# Welcher Protektorrucksack für Touren und Bikepark?



## Undertaker (24. Mai 2016)

Hallo zusammen,

möchte nun öfter einen Bikepark besuchen und bin daher auf der Suche nach einem Protektor für den Rücken.

Ein Rucksack von EVOC z.B. den FR lite oder den Enduro blackline finde ich optisch schonmal ganz gut.
Bräuchte den Rucksack nur für ein paar kleine Sachen, wie: Trinkblase, Ersatzschlauch, etwas Werkzeug.
Ist so ein Rucksack für den Bikepark geeignet? Oder wäre es doch besser einen richtigen Protektor zu kaufen?

Was könnt ihr empfehlen? Bin recht groß: 194cm.

Danke und Gruß
Daniel


----------



## cxfahrer (24. Mai 2016)

Also rein für Park mit Springen usw fände ich einen Rucksack eher nervig. Und da ist mir auch ein ordentlicher Protektor wichtiger (für den Rücken auch nicht einfach, wenn man lang ist - ich hab den EVOC...). Aber Park kann ja auch Flowtrail bedeuten...?

An den EVOC Rucksack hatte ich auch mal gedacht, den gibts ja in lang und die wo ich kenne sind mit dem recht zufrieden - auf Tour. Hat halt Vorteile, wenn man zB einen zertifizierten Protektor bei einem Endurorennen braucht, der ist ja beim EVOC Rucksack dabei.


----------



## MTB-News.de




----------



## Undertaker (24. Mai 2016)

Danke erstmal für diene Antwort!

Welchen EVOC meinst du, den  FR lite oder den Enduro blackline??

Fange gerade erst an mit Bikepark! Flowtrails fahre ich gerne, aber habe auch schon die ersten Sprünge gemacht und würde wohl auch etwas mehr springen, wenn es meine Fahrtechnik zulässt.
Bin bisher einmal ein paar Tage im Park gewesen und hatte nur einen Camelback Rucksack ohne Protektor auf, dieser hat mich überhaupt nicht gestört, da er wirklich gut sitzt.


----------



## cxfahrer (24. Mai 2016)

Undertaker schrieb:


> Danke erstmal für diene Antwort!
> 
> Welchen EVOC meinst du, den  FR lite oder den Enduro blackline??
> ...


 
k.A.

Mich hat ein Rucksack immer total gestört, wenn man zB im Flat gelandet ist ist er verrutscht usw - aber das ist ja individuell von der Statur abhängig.
Bei so normalen Touren wie auf dem Bild reicht mir mein Vaude FR Rucksack - hat halt keinen Protektor (der den Namen verdient), aber er sitzt gut.


----------



## Orby (25. Mai 2016)

Servus. 

Ich fahre den Evoc FR Trail blackline 20 l seit Ende 2014 in der M/L Version bei 1,86m. 
Ist seit dem mein treuer Begleiter im Bikeurlaub, auf Tagestrips und im Park, also mit FullFace Helm wie auch mit normalen Helm. 

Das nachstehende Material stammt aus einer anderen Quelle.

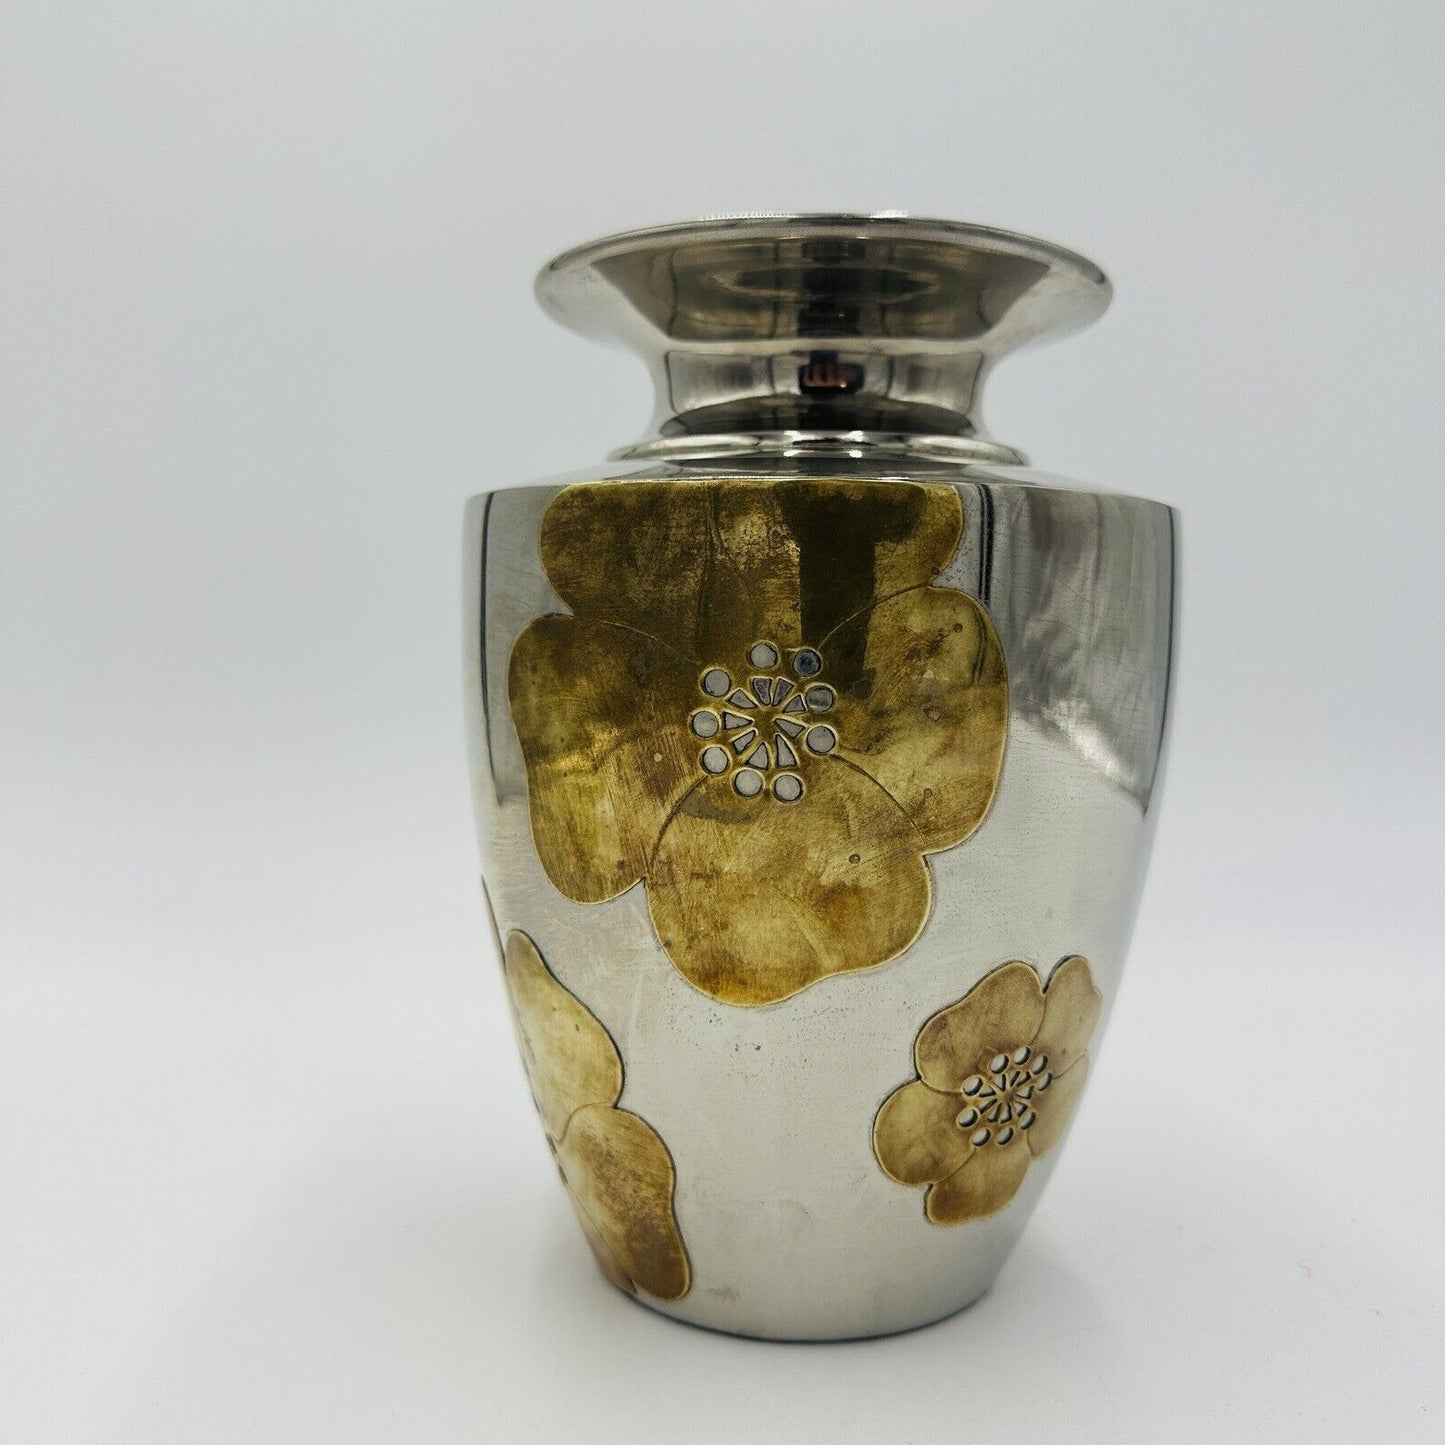 Ethan Allen Home Interior Nickel & Brass Vase Mid Century Modern Applied Flower

Da die meisten Abfahrten länger sind, habe ich gerne die Sachen dabei. Ich trage den Rucksack nicht nur damit er mich schützt beim Einschlag, sondern auch damit er mich vor den Sachen im Rucksack schützt. Ich persönlich will kein Minitool oder Minipumpe von hinten ungeschützt in den Rücken bekommen. 
Zwischenzeitlich teste ich gerade ein Jacket, wobei dann einfach der Protektor aus dem Rucksack kommt bei langen Abfahrten. 

Das Mindergewicht von fast 500 gr gegenüber dem Deuter Attack erkaufst Du dir aber mit einem Einwegprotektor. 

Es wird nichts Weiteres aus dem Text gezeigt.